Webinars & Videos

Replay: PBM Legislation: Navigating State and Federal Regulatory Changes and How They May Impact You

June 7, 2023

Capital Rx

Capital Rx’s General Counsel and Chief Compliance Officer, Lloyd Fiorini, hosted an informational webinar on June 7, 2023, covering recently passed and proposed legislation impacting pharmacy benefit managers (PBMs) and stakeholders responsible for managing health plans (including pharmacy benefit programs). He reviewed key provisions of the Consolidated Appropriations Act (CAA), Inflation Reduction Act (IRA), PBM Transparency Act, PBM Reform Act (HELP), the highlights of recent Senate hearings, and state-level activity, including Florida’s Prescription Drug Reform Act.

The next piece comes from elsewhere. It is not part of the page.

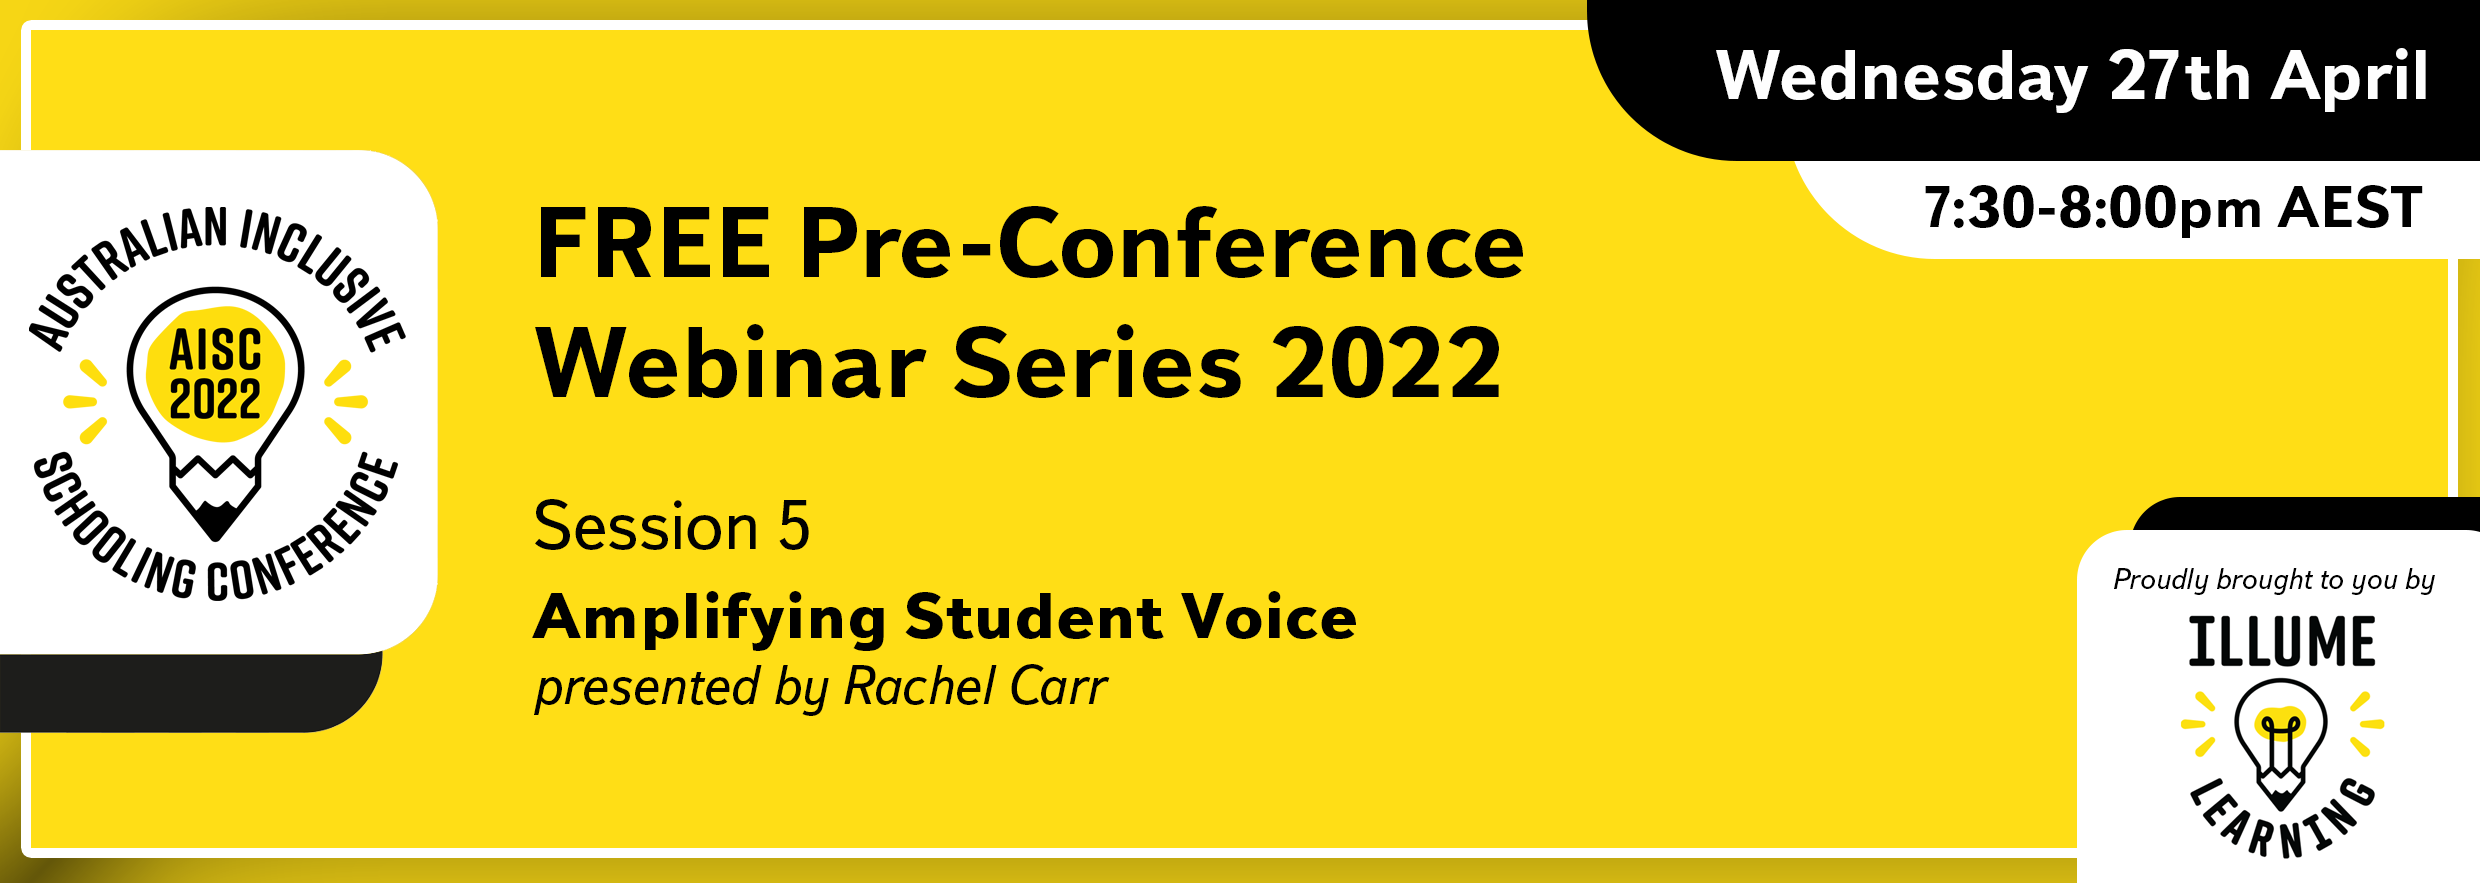 Image Description: Black text on a yellow background reads 'Australian Inclusive Schooling Conference, 'FREE Pre-conference Webinar Series 2022. Session 5. Amplifying Student Voice. presented by Rachel Carr. Wednesday 2nd March 7:30-8:00pm AEST. Proudly brought to you by Illume Learning'
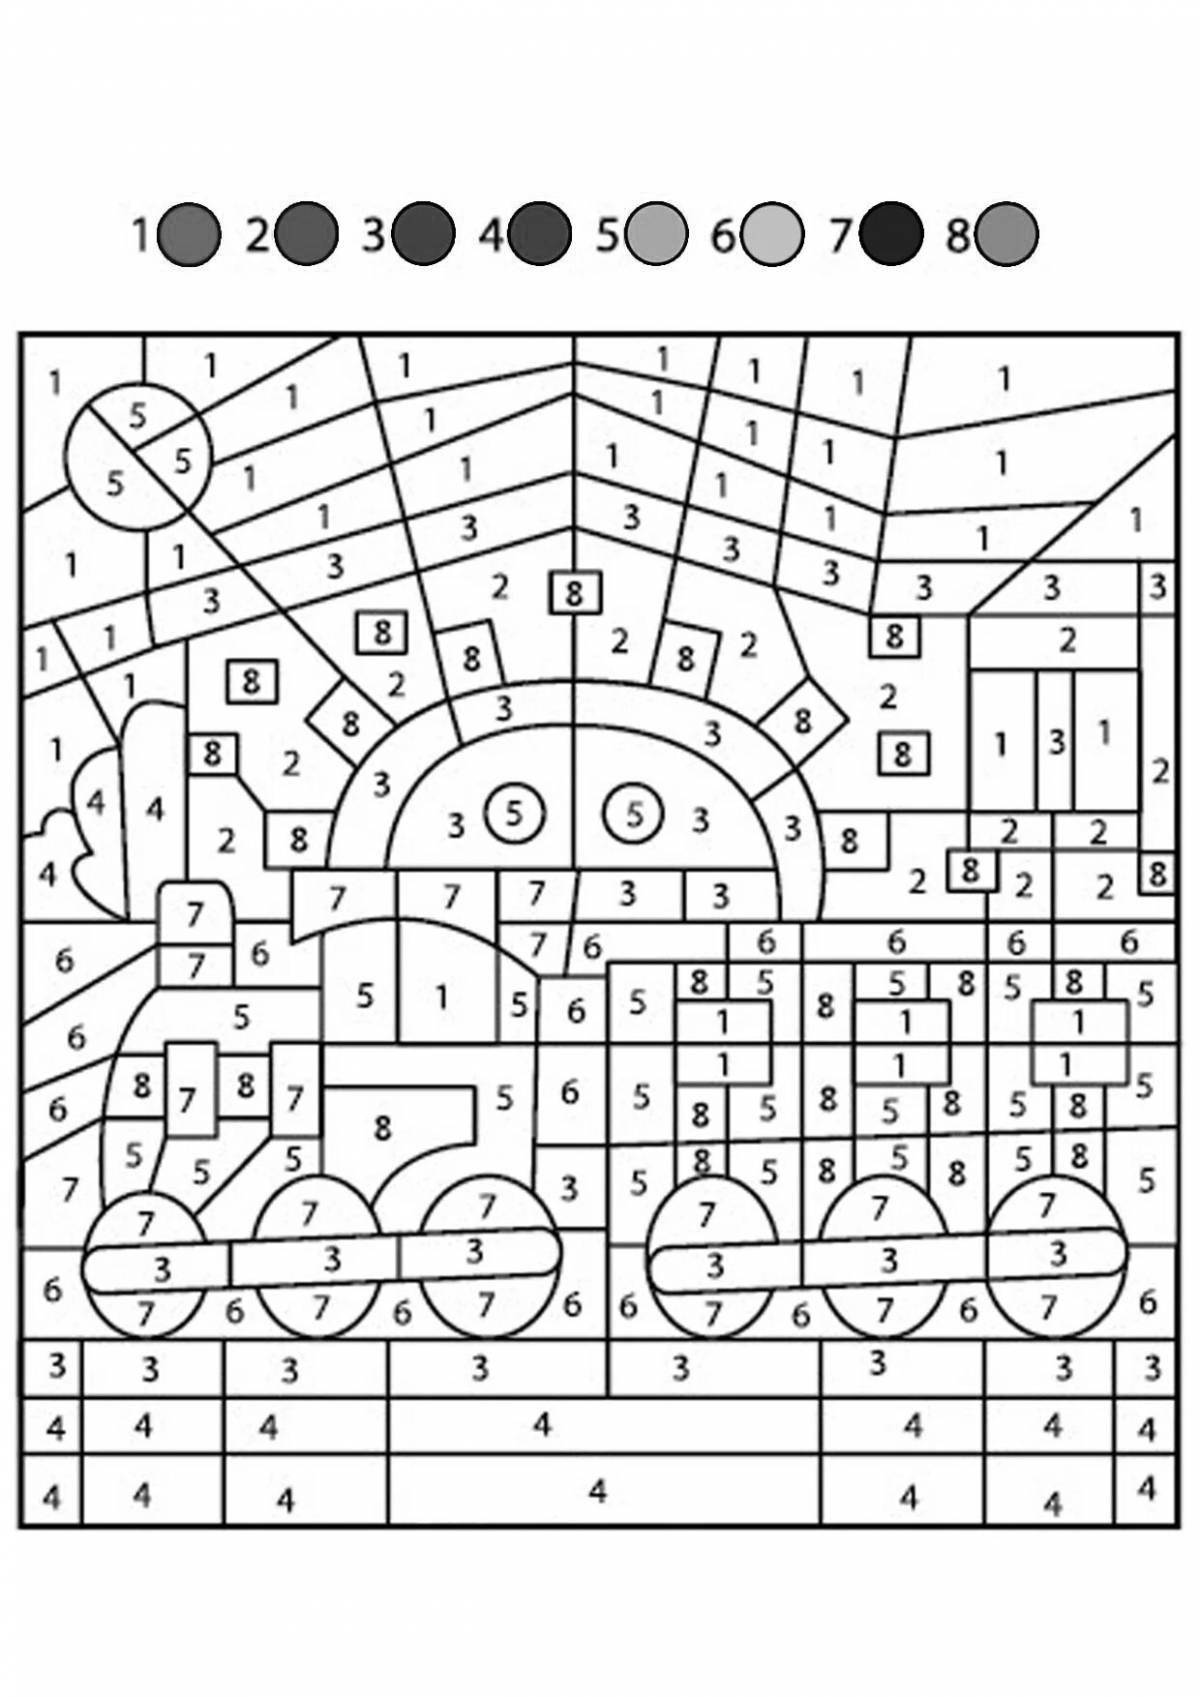 Fun coloring game by cells and numbers

Check out the replay and highlights below, and CLICK HERE to download Lloyd’s presentation.


Edited for length and clarity.

The Consolidated Appropriations Act (CAA)

The CAA requires group health plans and health insurance issuers to report prescription drug-related information to the Federal Government. The reporting obligations are significant, and additional requirements that should be on plan sponsors’ radar include the new compensation-related disclosures for employee benefits brokers, consultants, TPAs, and PBMs, and the removal of “gag clauses” from contracts.

The CAA established a fiduciary standard, which all plan sponsors have under ERISA. The requirement is to run the health plan in the interests of participants and for the exclusive purpose of providing benefits. Fiduciaries must act prudently and follow plan documents, and they must avoid conflicts of interest. The new requirements provide a framework for relationships with third parties and service providers, which is a new concept for health plans.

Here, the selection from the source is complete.